Los Heidrich no son de otra especie. Los torturadores criollos no son de otra especie. Los violadores no son de otra especie. Los criminales, tampoco.
Por eso dije felizmente, porque los Heidrich son evitables, no nacieron monstruosos. Fueron macerados en locura familiar, escolar, religiosa. A ellos les enseñaron que los malvados judíos mataron a Dios, lo torturaron y lo crucificaron.
Sólo si tenemos claro el origen de la criminalidad, de la delincuencia, del sadismo, del suicidio, del homicidio, del incesto, de las violaciones, vamos a poder evitarlos.
Cuando hoy nos horrorizamos con crímenes cotidianos tenemos también que cuidarnos de no enajenar, transformar en extraños, en aliens a los criminales. Mientras actúa la justicia y los aparta de la sociedad y de la posibilidad de seguir dándonos, no tenemos que olvidar que fueron ellos mismos golpeados, asesinados, violados, hacinados, amenazados, asustados, paralizados, drogados, deshumanizados, y transformados en muertos vivos.
Ese taller también puede generar individuos sanos o medianamente sanos y es lo que en general sucede.
Pero, cuando Vargas Llosa nos pregunta cómo puede ser que haya existido una inmundicia humana como Heidrich, no podemos ser negadores y repetir que venía de un tranquilo hogar y que fue a un buen colegio de pago. Pensemos correctamente, no enajenemos al malvado como si fuera un monstruo antediluviano.
El malvado, convenientemente indoctrinado, es el que encontró el mal. Fuera de sí mismo.
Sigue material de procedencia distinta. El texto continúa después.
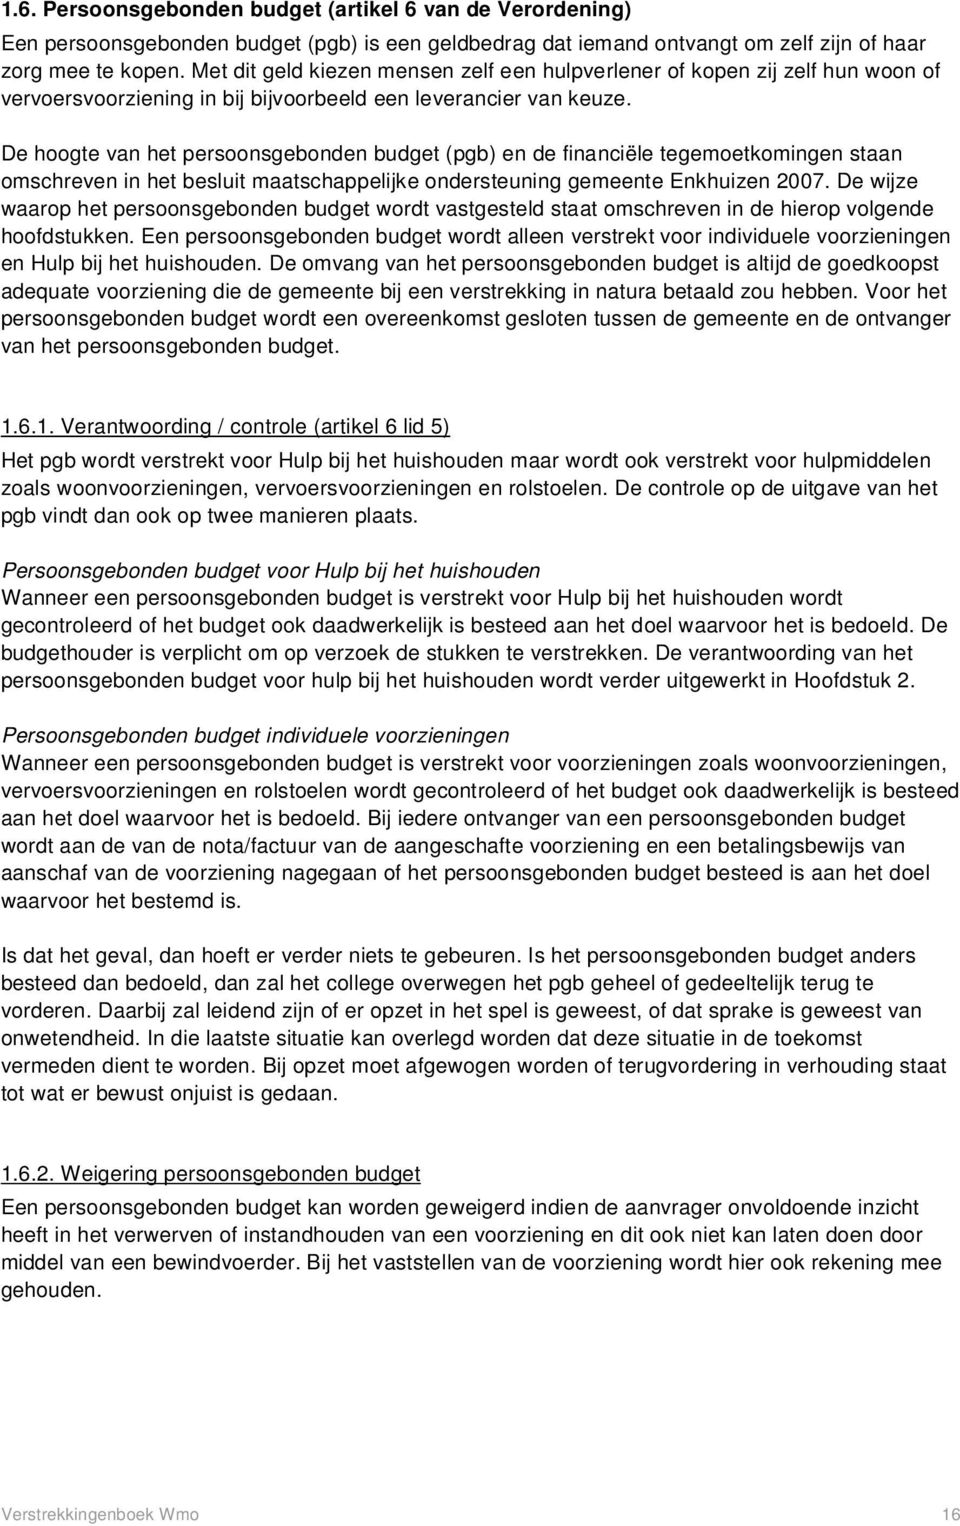 De hoogte van het persoonsgebonden budget (pgb) en de financiële tegemoetkomingen staan omschreven in het besluit maatschappelijke ondersteuning gemeente Enkhuizen 2007.

El infierno son los otros.
La diferencia entre el malvado y nosotros es que él encontró el mal afuera (judíos, comunistas, negros, enfermos, homosexuales, gitanos, pobres, ricos, burgueses, yanquis, árabes, etc) y contra el mal va. Lo importante para él es encontrar el infierno en otro lugar que en uno.
Para nosotros el mal es parte nuestra. Al lado de nuestra bondad, generosidad altruismo, conviven todas nuestras miserias.
Heidrich tendría que haber sabido que él también era judío. Nosotros nos hacemos cargo de nuestra agresión, no la negamos, no la hacemos extraña, la necesitamos para nuestra vida.